Dr. Loth built upon his work in developing 3-D models of the CSF/spinal cord system to allow examination of CSF pressure changes in the vicinity of the syrinx and associated geometry changes (compliance) during the cardiac cycle. Unique to his work, Dr. Loth constructed the first functional mechanical model of the CSF/spinal cord system for a CMI/S patient, allowing him to analyze conditions that are conducive to syrinx formation. Quite often, research leads to difficult questions that ultimately advance our understanding of how things work. Interestingly, Dr. Loth found that the CSF pressure was higher in the syrinx than outside (in the subarachnoid space). The paradox that he noted is that fluid flow always goes from high to low pressure and that one would expect that conditions would be unfavorable for syrinx formation.
Dr. Loth believes that studying the pressure environment in the spinal canal may be the key to understanding the development of syringomyelia. Armed with this knowledge, physicians may be able to refine their surgical techniques, predict when a syrinx will form or regress and develop entirely new treatment options.
Chiari I Malformation and Syringomyelia in Identical Twins Discordant for Chronic Fatigue Syndrome
Grant Recipient: Dedra Buchwald, MD, Director, Chronic Fatigue Syndrome Cooperative Research Center, University of Washington
Dates: August 1, 2000 July 31, 2001
Grant Amount: $10,900
Dr. Buchwald has performed extensive evaluations on the central nervous system function of 22 sets of identical twins. The grant contributed to funding for CINE MRIs during the period August 1, 2000 to July 31, 2001 (paid December 2003).
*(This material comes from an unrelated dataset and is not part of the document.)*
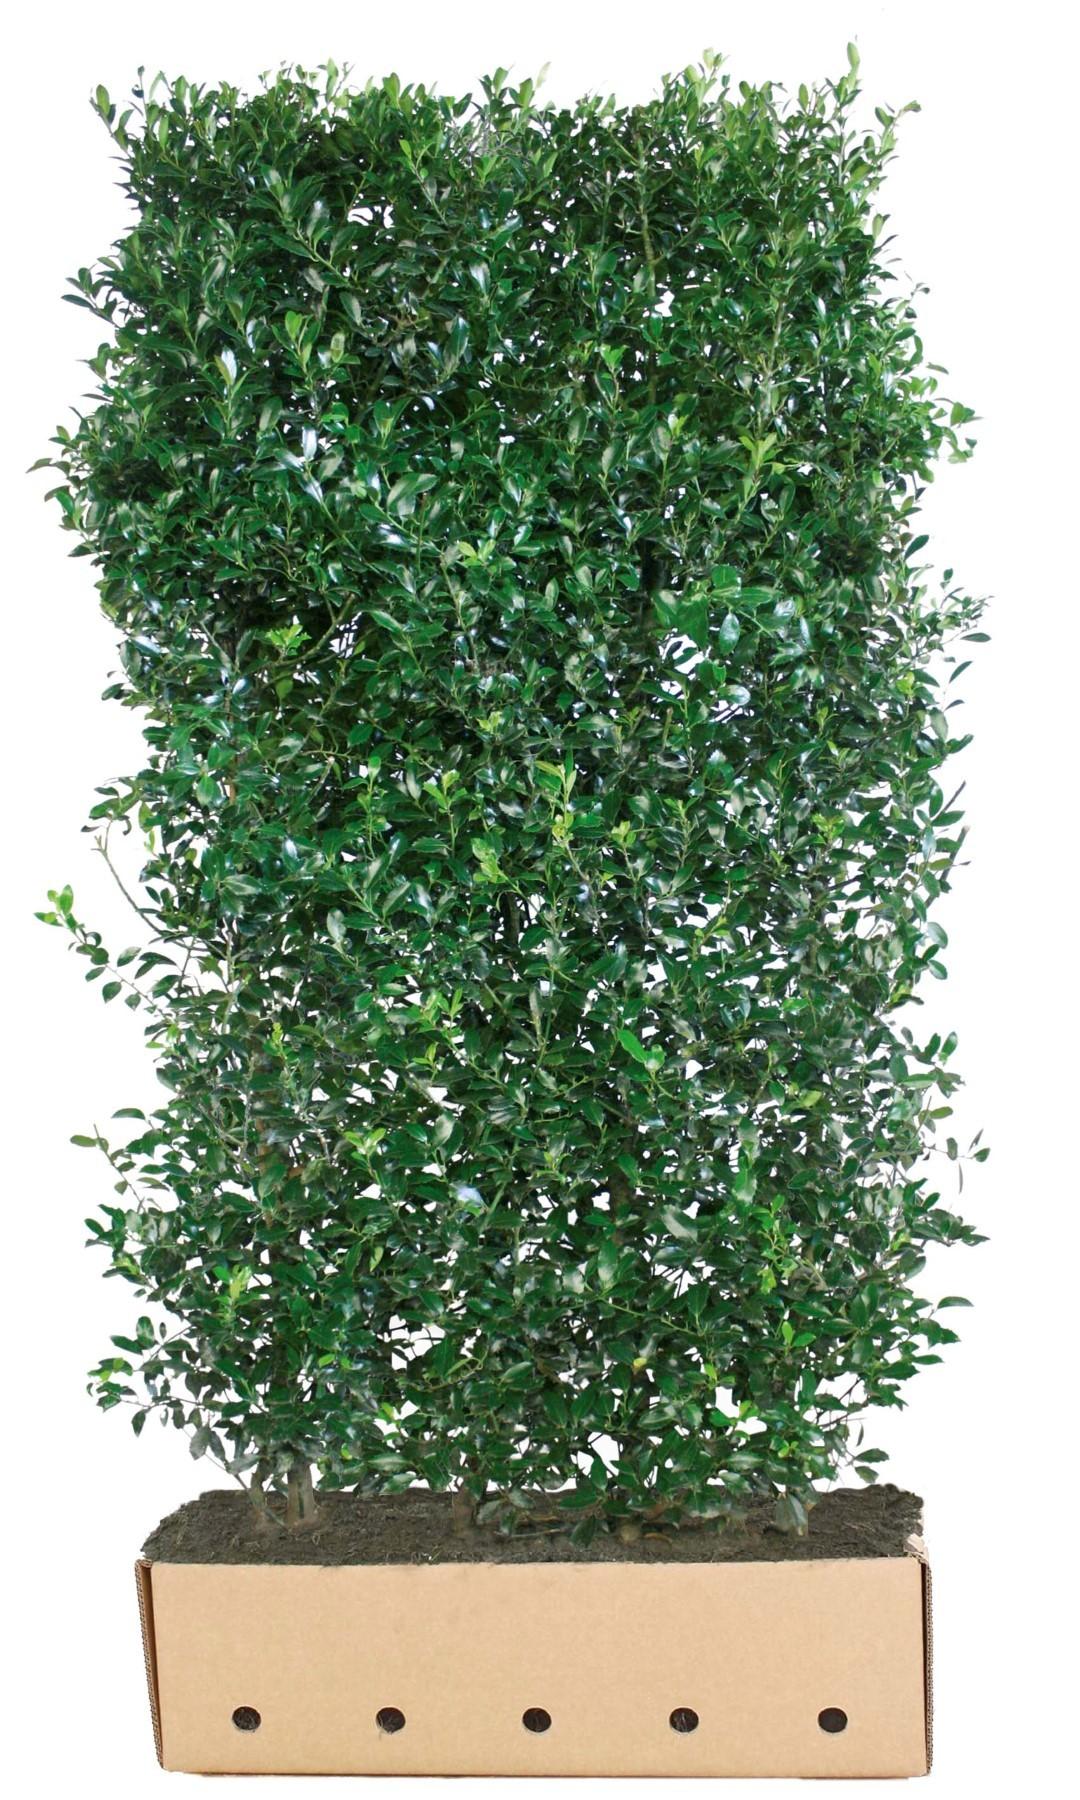 Kant & klaar haag Ilex aquifolium Siberia Limsi 200 x 100 cm breed

The ongoing study will help determine if there is evidence of Chiari malformation, syringomyelia or any signs of abnormal cerebral spinal fluid flow that could be related to chronic fatigue syndrome and/or fibromyalgia. (The Chronic Fatigue Syndrome Cooperative Research Center is currently funded by NIH.)
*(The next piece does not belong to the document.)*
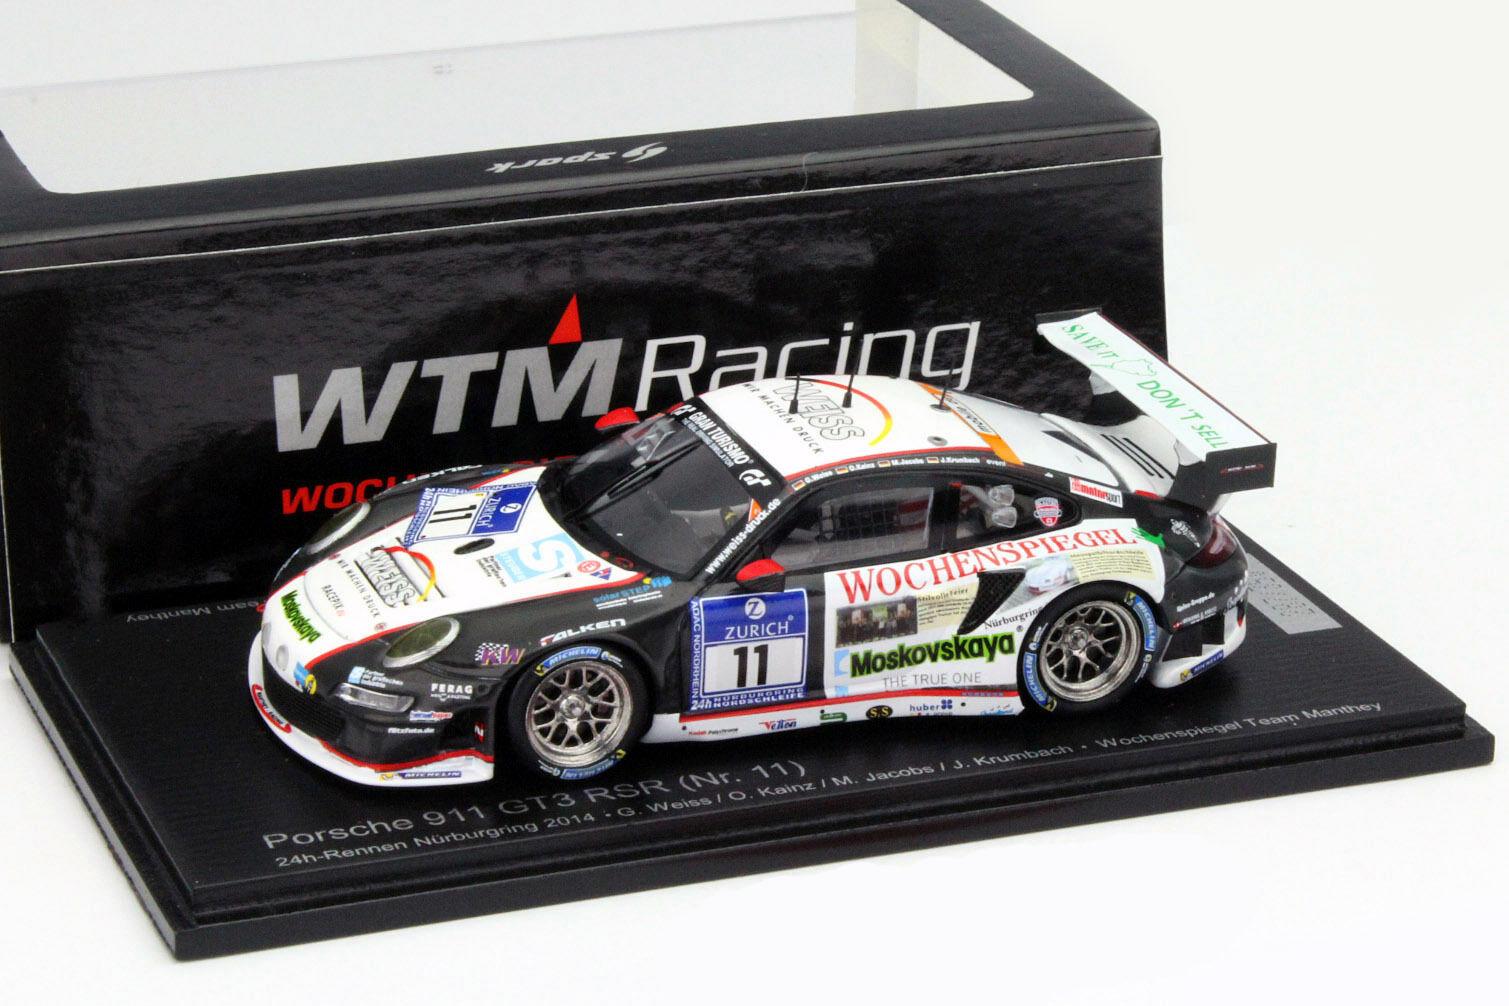 Porsche 911 GT3 RSR  11  24h Nürburgbague 2014 1 43 Spark  chaud

Chiari Malformation I/Syringomyelia Genetic Research Study
Grant Recipient: Marcy C. Speer, PhD, Associate Research Professor, Department of Medicine, Center for Human Genetics, Duke University
Grant Amount: $100,000
The Center for Human Genetics at Duke University, in collaboration with Dr. Thomas Milhorat and colleagues of North Shore University Hospital/Manhasset NY and the American Syringomyelia Alliance Project, is investigating the hereditary basis of Chiari type I malformations with or without syringomyelia. Research is aimed at learning if CM1/S is indeed caused by factors inherited through the family and, if so, which genes are involved.
More than 150 families joined the initial phase of the CM1/S research study and provided detailed family histories and blood samples. We reported familial aggregation in a large study of 364 CM1/S patients. Of these study participants, 21 of the patients’ families had two or more cases of CM1/S within the family. Thanks to all of the families who generously participated in the study, we were able to successfully accomplish the first step of the genetic research, which showed familial aggregation of CM1/S.